Stakeholders expressed concern over how to best equip students in the area of food safety, as there have been a lot of industry recalls over the last few years. While LSU does have a laboratory course on food safety, they expressed interest in growing this course at the graduate level.

Don La Bonte led discussion for the School of Plant, Environmental & Soil Sciences. Several courses have been added as core science courses, which has boosted the enrollment in their classes. The school is focusing on adding and redesigning several of their concentrations. The school’s new medicinal plants program has gained momentum. The school would like to continue to boost momentum in enrollment in the program. The school has also started a new introduction to crop production course.

Michael Kaller, professor and coordinator of undergraduate programs led the breakout session for the School of Renewable Natural Resources. He shared that watershed sciences will be an additional concentration offered. This will be the 10th concentration offered by the school. Wildlife ecology is currently the largest concentration, drawing attraction from pre-veterinary medicine students, as well as students interested in wildlife conservation and management.

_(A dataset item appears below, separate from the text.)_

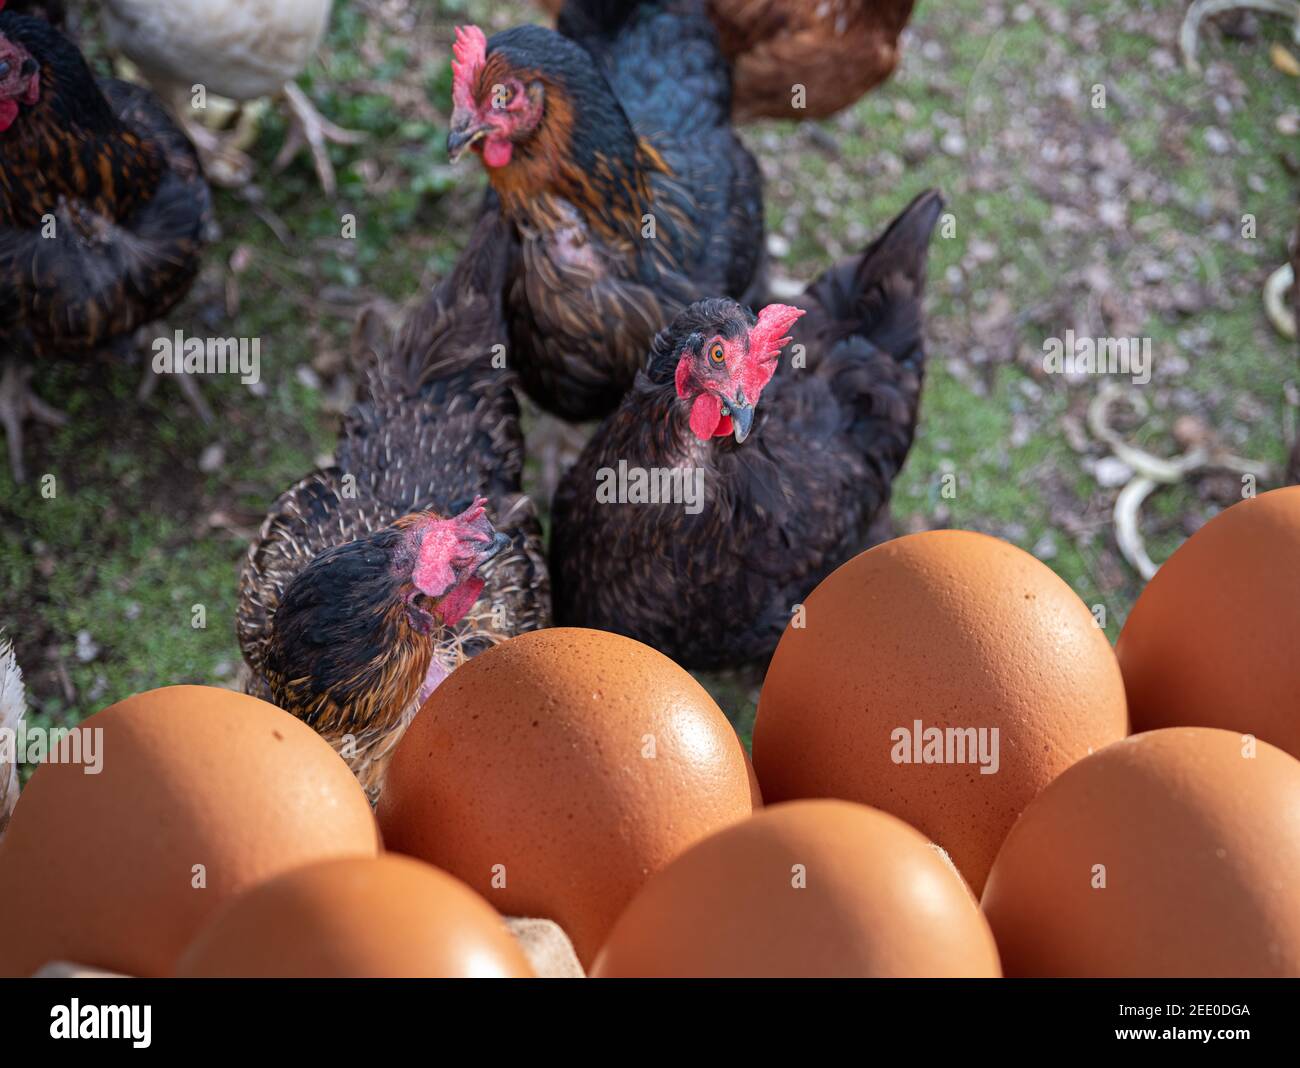 Poules sur la ferme avec des œufs bruns au premier plan prêt à vendre Banque D'Images

While the wildlife ecology major continues to grow, some of the other concentrations offered by the school are declining in enrollment numbers. Kaller feels that this is because more students focus on the wildlife ecology concentration and not the other concentrations offered by the School of Renewable Natural Resources. Kaller noted that there had been an increase in the diversity of the students entering the school, especially with students coming from diverse backgrounds, including a large increase in students from urban areas.

At the end of the breakout room session, attendees were brought back to the main session. Richardson concluded the event and gave stakeholders a summary of the next steps in the strategic planning process.

As the college moves forward, the feedback provided by our stakeholder groups will be essential to planning efforts. The college hopes to make the stakeholder event an annual program to share updates on the college's progress and continue to use the feedback of our key stakeholders as drivers to help us go beyond the goals set in the strategic plan.